Here are a few key takeaways from her presentation, along with some social media discussion:
Three Reasons Why UX Professionals Don’t Incorporate Accessibility in Their Work
- Accessibility is intimidating.
There are 203 general techniques for testing Web Content Accessibility Guidelines (WCAG), 94 HTML and XHTML techniques, 3 server-side scripting techniques, 3 plain text techniques, 19 Accessible Rich Internet Applications (ARIA) techniques, 35 Flash techniques, 23 PDF techniques, and many more.
And a multitude of devices.
Accessibility seems like a mountain of info you need to master. - Accessibility is hard.
Waters described her challenges with trying to add her sister to her Amazon Prime account. Some account management options were only available on mobile, others only on the web.
As a power user, Waters took five to seven minutes to get through the process.
Imagine adding disabilities to the process, someone with cognitive disabilities, and the usability issue becomes an accessibility issue.
Accessibility is hard, because good design is hard. - Accessibility is not my job.
If accessibility isn’t your job, whose job is it?I don’t have a direct need to learn more about accessibility.
According to Waters, the difference between usability and accessibility is semantics and a matter of degrees.
A UX Professional’s Accessibility Coloring Book
- Obvious wins.
The hamburger icon looks more like a stack of pancakes than a navigational structure.
What really works: the word “Menu.” With your design patterns, obvious wins. - Make it simple. Make it easy.
Simplicity is the secret sauce to make sure your organization creates more usable content, and brings in more engagement from customers. - Make it consistent. Make it predictable.
A design pattern library is critical for accessibility success. Standardize on how you do things. Iterate and continuously improve your patterns.

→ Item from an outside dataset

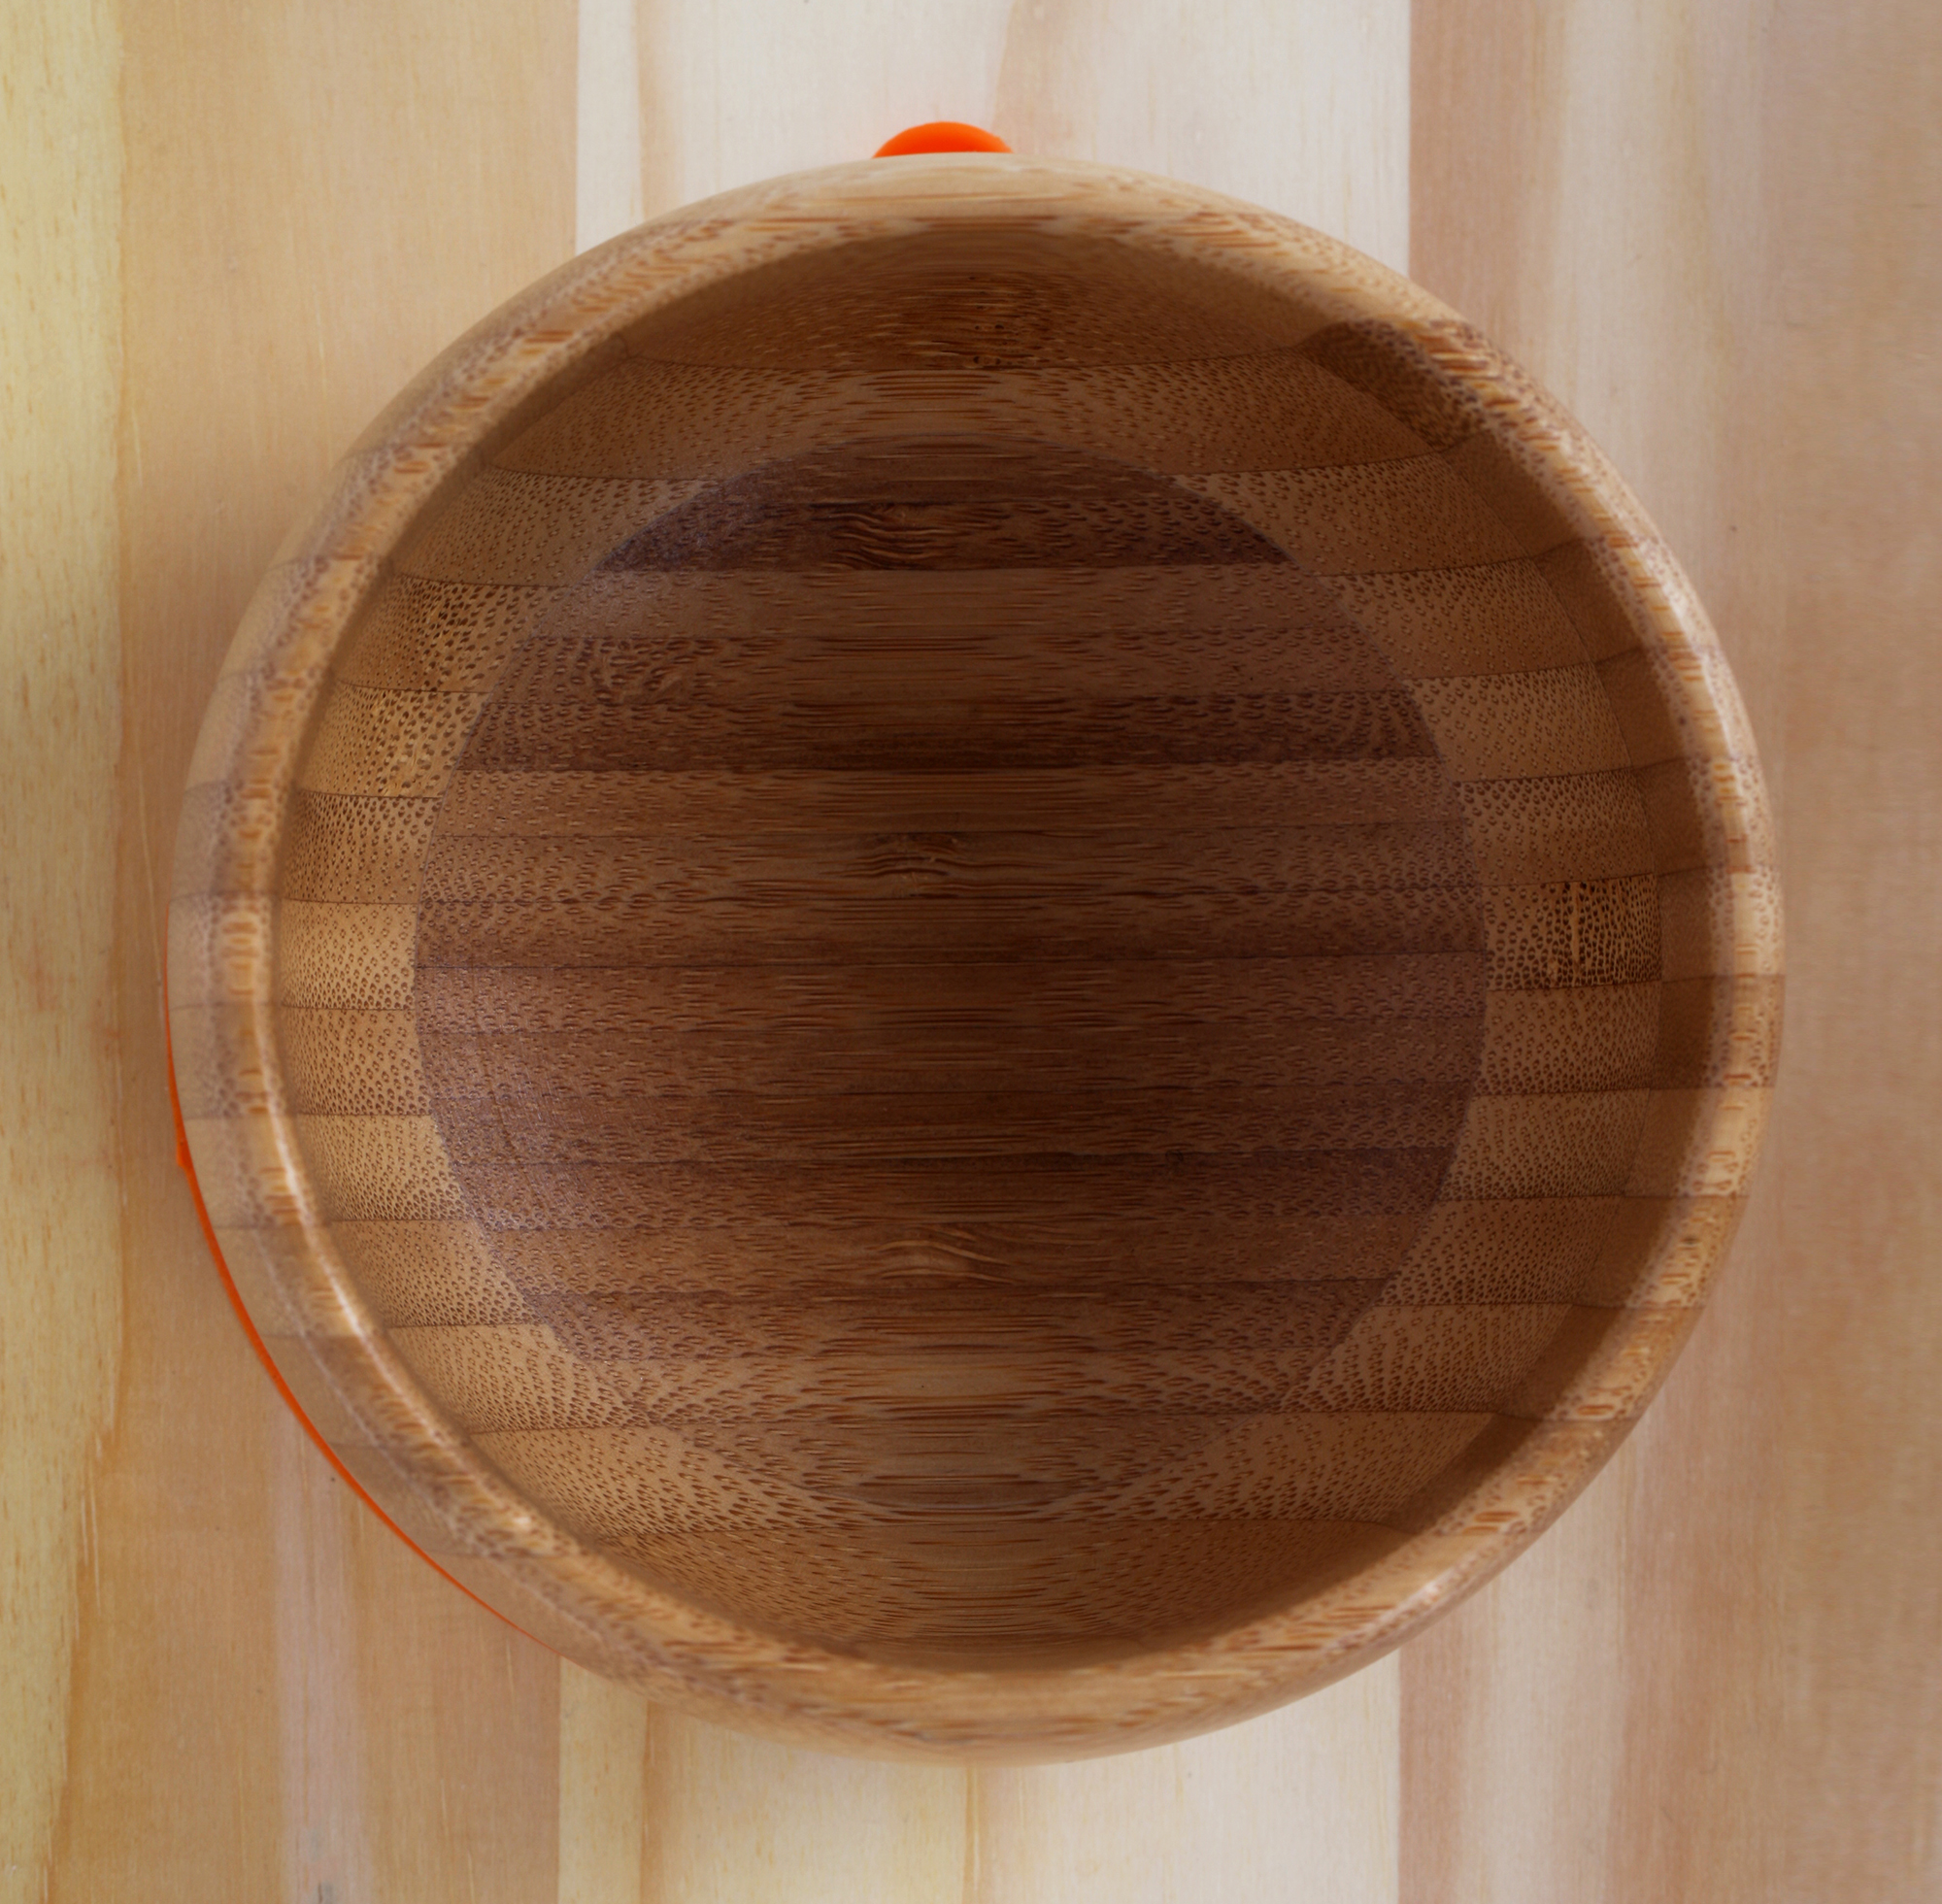 kenley bambus rutschfeste saugnapf sch ssel baby kinder breischalen geschirr set ebay. Black Bedroom Furniture Sets. Home Design Ideas

If it’s standardized, it locks everything for accessibility. For example, developers don’t have to guess how to create an accessible model dialog. They’ll look to the design pattern library. - Change your perspective. Assume nothing.
People are drawn to design because they probe, ask questions.
Designers need to design for people who have completely different mental models than their own. - Go see. Gemba.
See how users are using your product or service. No amount of testing will show you more than seeing how users use your product.
Accessibility makes good designers great, and bad designers…obvious.